Held, dismissing the appeals:
The article would be interpreted by the ordinary, reasonable reader to mean that
L&H had used 15 Singapore companies to manipulate financial transactions to
create the impression that they had achieved a high sales turnover in 1999 and
were, therefore, guilty of fraudulent conduct. At the very least, the article
was defamatory of L&H in that it meant that there were reasonable grounds
for suspicion that they were guilty of fraud.
A reasonable reader would not think that there was anything wrong with a law firm permitting its address to be used as the registered office of a large number of companies. This was especially so in the light of the antidote provided from remarks quoted from lawyers that such a practice was legal and that it was commonly done.
The reference to the plaintiffs' employee as being the secretary and director of 15 of the companies and declining to comment when contacted by TST did not necessarily mean that she was being evasive. In the context of the article, especially the statement of another lawyer in the article that interim directors are often appointed, a reasonable person would not infer any connection between the plaintiffs' employee and the nefarious activities of those companies. The fact that TST had made unsuccessful attempts to reach the partners of the firm need not necessarily have a defamatory meaning and in the context of the article could not reasonably be construed to have such a meaning. If the partners had been reached but declined comment, that could have given a different picture, but it would not be reasonable for a reader to infer that the partners had been evasive merely because TST had not been successful in contacting them.
It was necessary to examine the article as a whole and in the context in which the words were used.
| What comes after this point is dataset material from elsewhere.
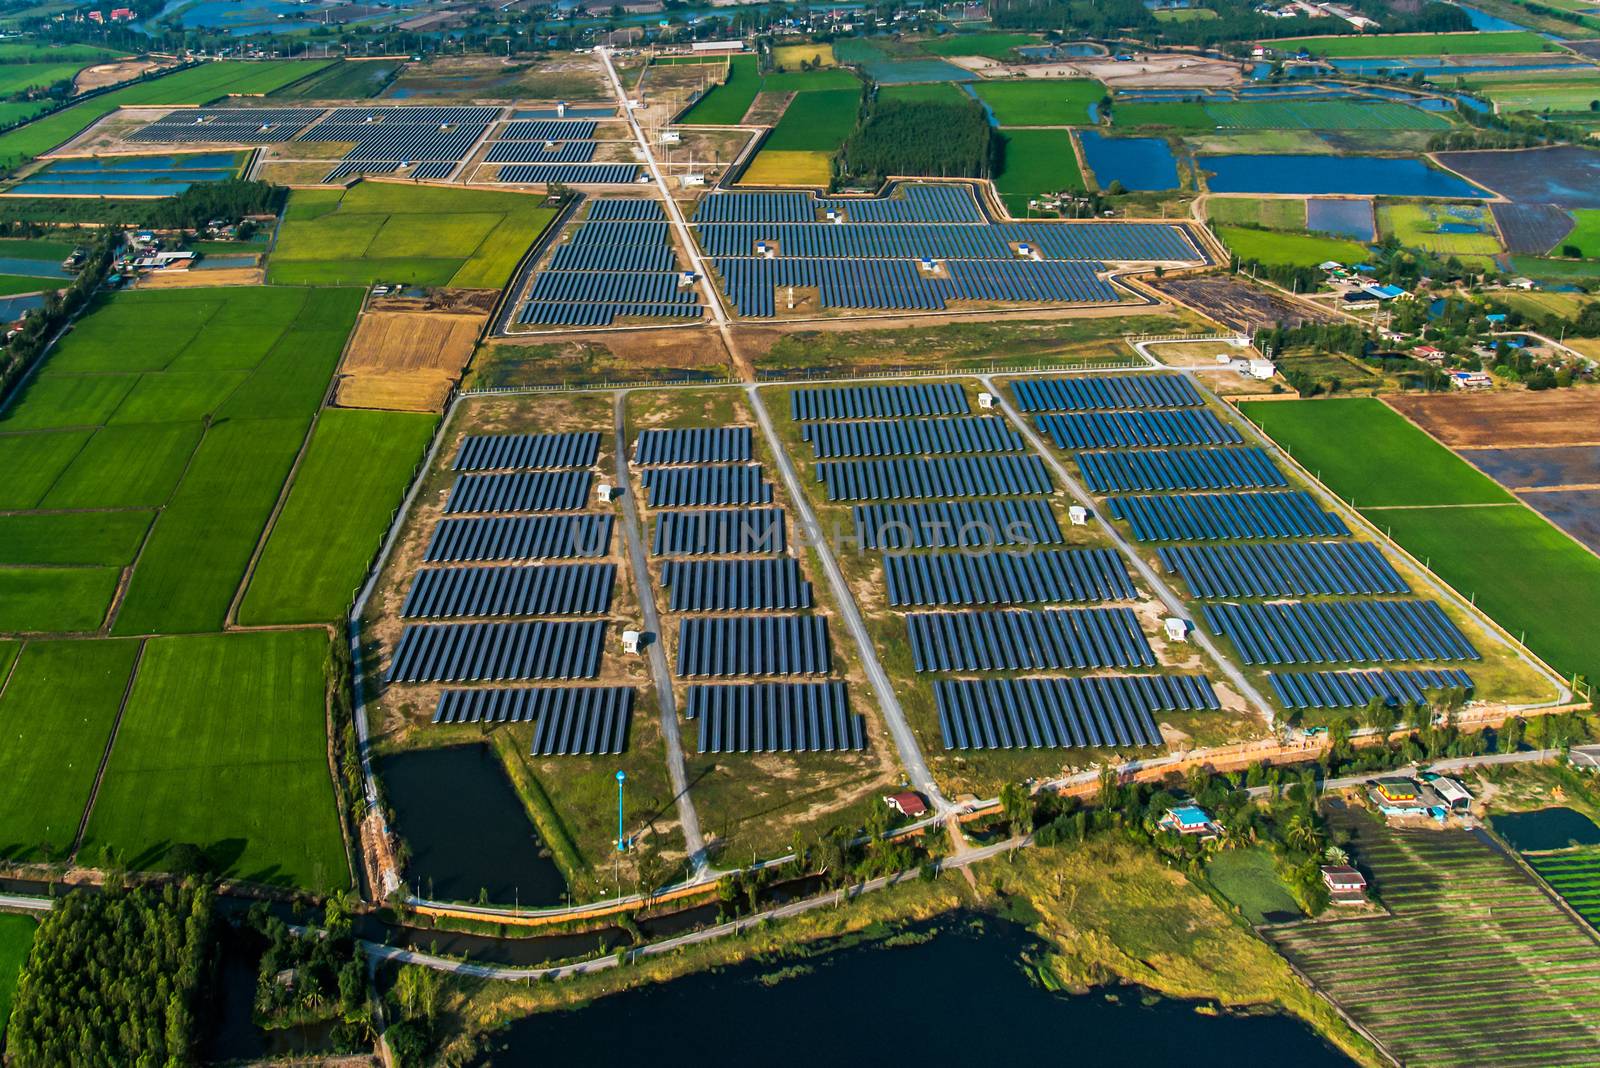 Solar farm, solar panels in Thailand from the air

If there was anything in a part of the article that was, of itself, defamatory of the plaintiffs, one must consider whether there was anything elsewhere that would put the article in such a perspective that a reasonable reader would not reach the conclusion that it is defamatory of them. In the present case, having considered the article in its entirety, together with the information available to the person who had also read the earlier article, the antidote in the article would clearly remove any bane carried by the innuendo in the earlier article.
[Editorial Note: The plaintiffs have appealed to the Court of Appeal vide CA 600082 of 2001.]